Every once in a while you get a dope-fiend or a speed-freak. But that’s less and less frequent these days. And no one carries that stuff anymore, so they won’t be asking for long. Why bother with a simulated high when you could have a real one, guaranteed and straight from your own past?

Do it again, I whisper as I shuffle past bloodshot eyes and shaking hands. Fort Tryon’s gone to shit in the autumn storms, the torrents cutting dark rivulets into the mud and pushing rocks and leaves across every path and into every sewer grate. But it doesn’t hurt the market any and the park still crawls with hopeful slugs looking only to go back and do it again. There used to be a hopper named Frankie up here peddling Redo as bona fide time-travel. Don’t just do it again, he’d say. Go back and change everything.

One morning he was shot in broad daylight by a client looking for more than a flashback. I was a hundred yards away and it sounded like a firecracker going off. When you got there you could see Frankie face-up with one eye open, only half his face was gone with only the one eye remaining, a bloom of bright red blood painting the canvas of asphalt around his head.

“Go back and change that,” the guy kept saying. “Change that, motherfucker!”

It was Banks who came and put the guy in cuffs. These days, that’s what it takes to get sent upstate. They don’t have room anymore for small fries like me.

You didn’t wait long enough, is what I was thinking. You gotta try harder.

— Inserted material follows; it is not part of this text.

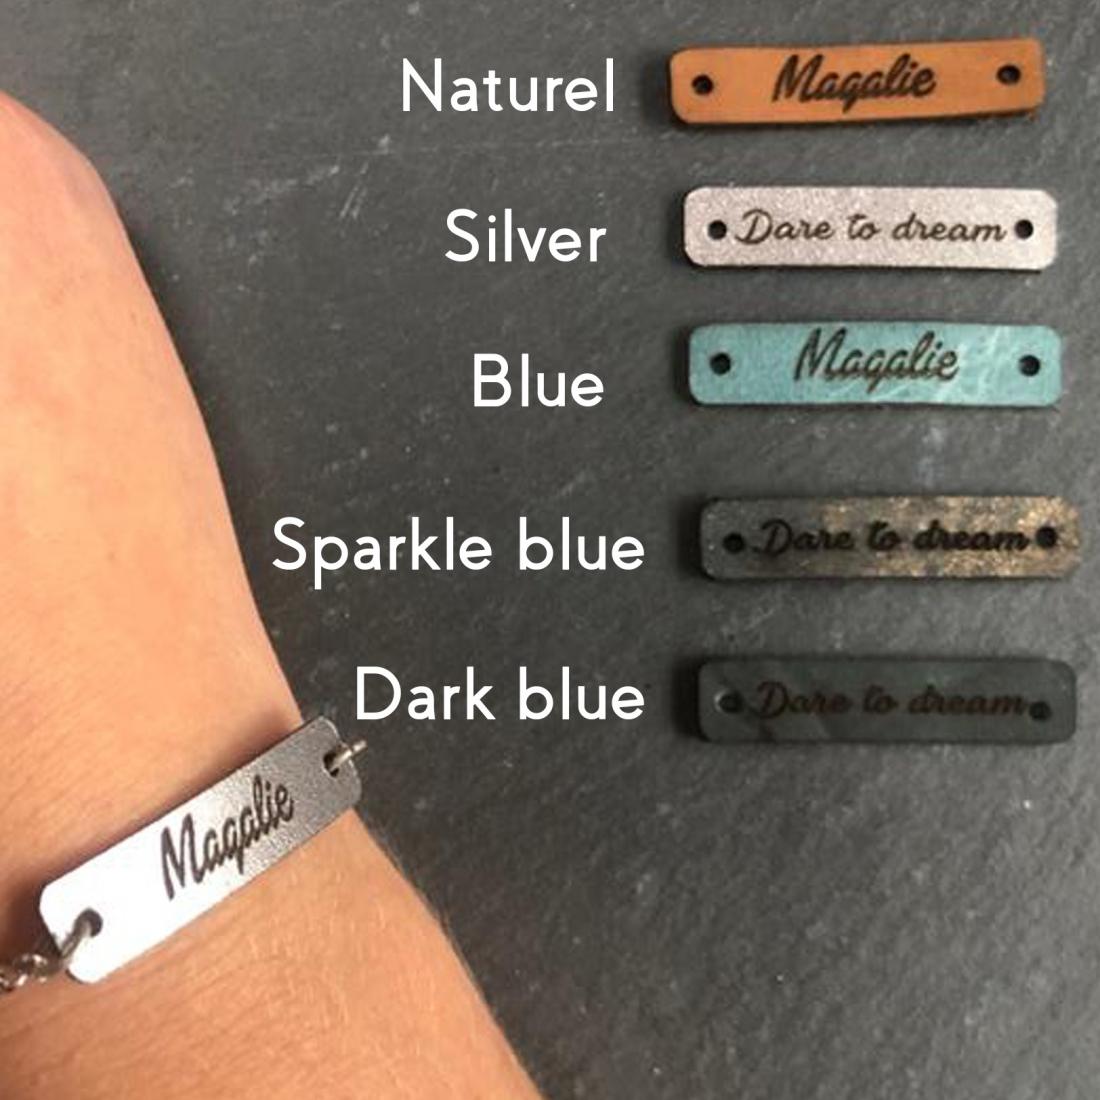 Leather bracelet tag

You hear the stories now and again. A guy from the Bronx said he saved his dog from running into the street and getting flattened by an ice-cream truck. The chimes started playing that ice-cream music and the dog set to whining, and then he was out the door and the poor guy didn’t even see him coming. Turned the truck over and spilled ice cream everywhere. The driver was fine; the dog was killed.

So this guy goes back ten times, twelve times, tries to get his hand on the dog’s collar. Finally manages to shout NO at just the right moment, and that’s what does it. By the time the dog is in the street, the truck is already gone. That night the dog shows up at his backdoor, just wagging his tail around and looking stupid and happy.

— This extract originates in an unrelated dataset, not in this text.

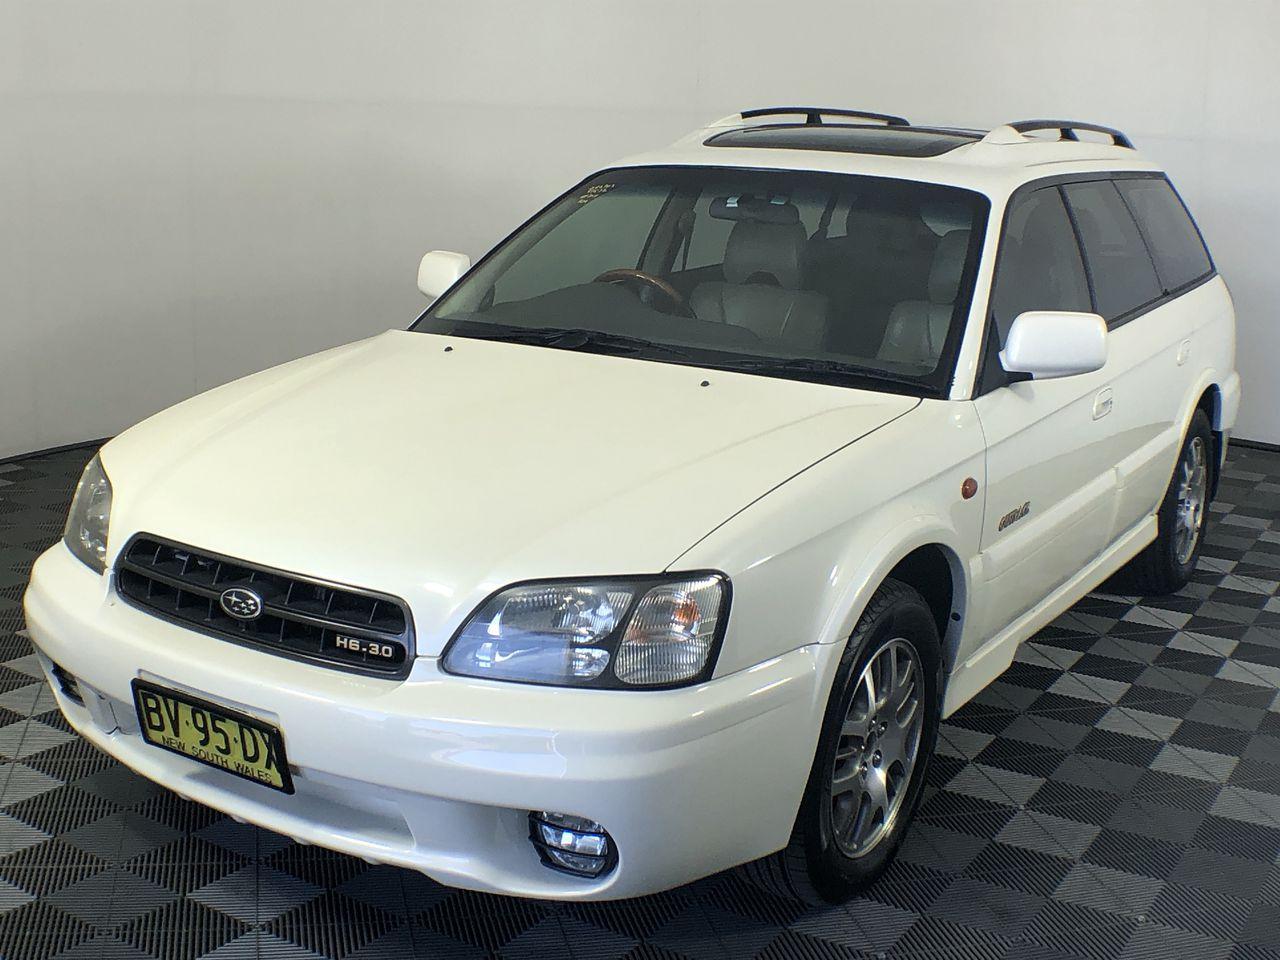 2000 Subaru Outback H6 B3A Automatic Wagon

Or the time Rico down the block got stabbed at the gas station hold-up in ’04. He went in for a pack of gum and these guys came in and cleared out the register. Rico stood frozen, eyes wide, scared to death. Stop looking at me, this guy yelled, over and over, each time Rico goes back to do it again. But Rico stares terrified, so he sticks the knife in his chest, just misses the heart. Cuts through some muscle and into the lung. Rico is messed up for years, can barely move his arm after that.

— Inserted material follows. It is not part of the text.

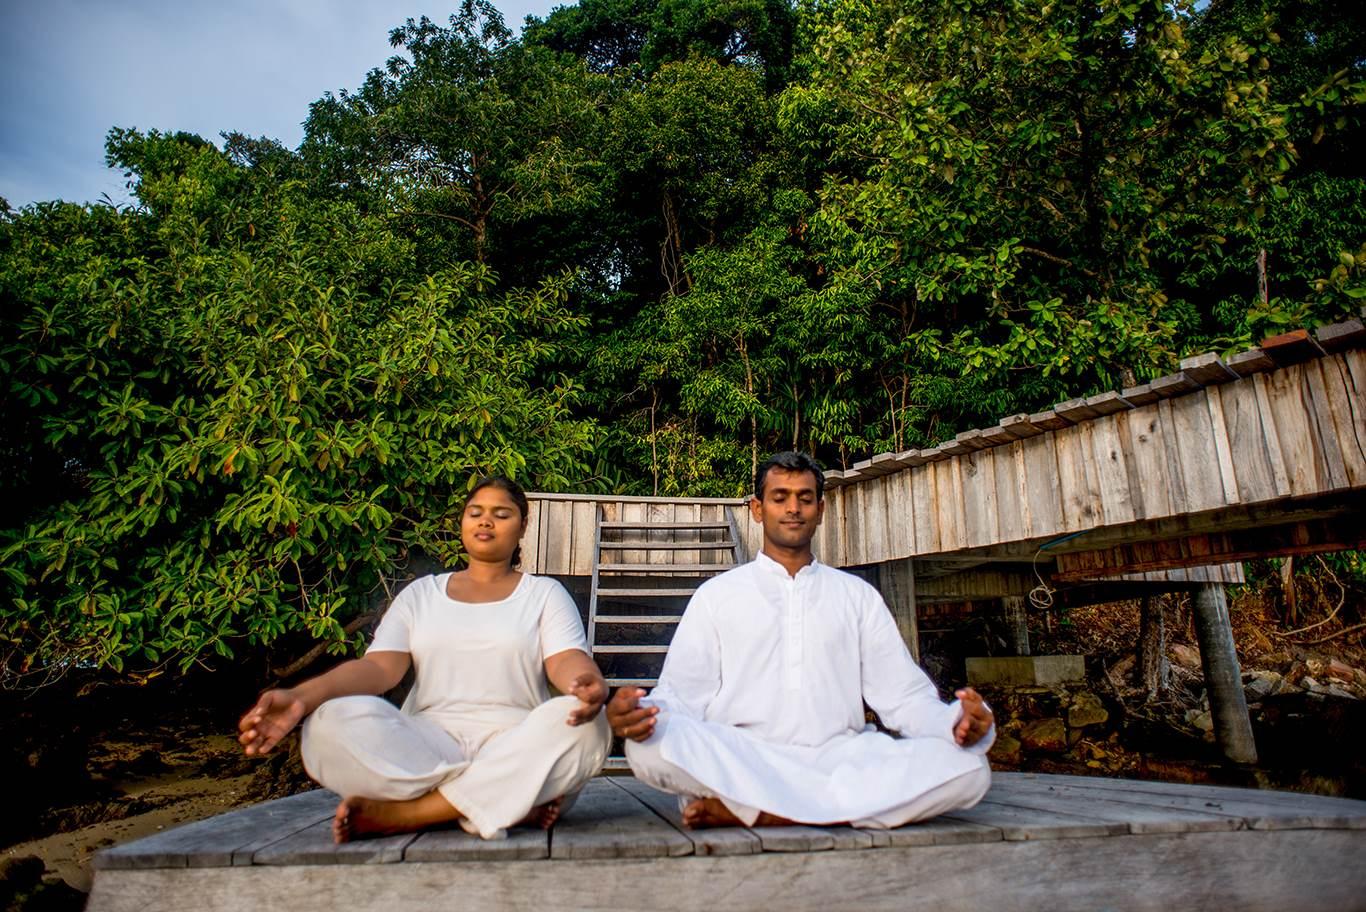 Afternoon Meditation

Rico goes back for the hundredth time and musters up the energy, and when the guy starts yelling, he just closes his eyes. And that’s all it takes. When he came out of it, he said the pain was gone. Full rotation of the shoulder, didn’t hurt to breathe any more.

A lot of folks will tell you it’s bullshit, but I don’t know. The more I see, the more it starts to make sense.

When I wake in the morning, I can hear Paul’s generator running across the hall. There will be gas available down at the Sunoco on 184th, and the balcony cisterns are half-full. I put together enough water to trade for maybe a gallon of gas and stow the rest in the defunct refrigerator. There’s still time to lay in a store before the rains give out in December. Used to be you’d never see a thunderstorm in the city past August, but those were the days when September brought cool air and the trees started to turn. You might not remember those times if you didn’t go back to the old days so often.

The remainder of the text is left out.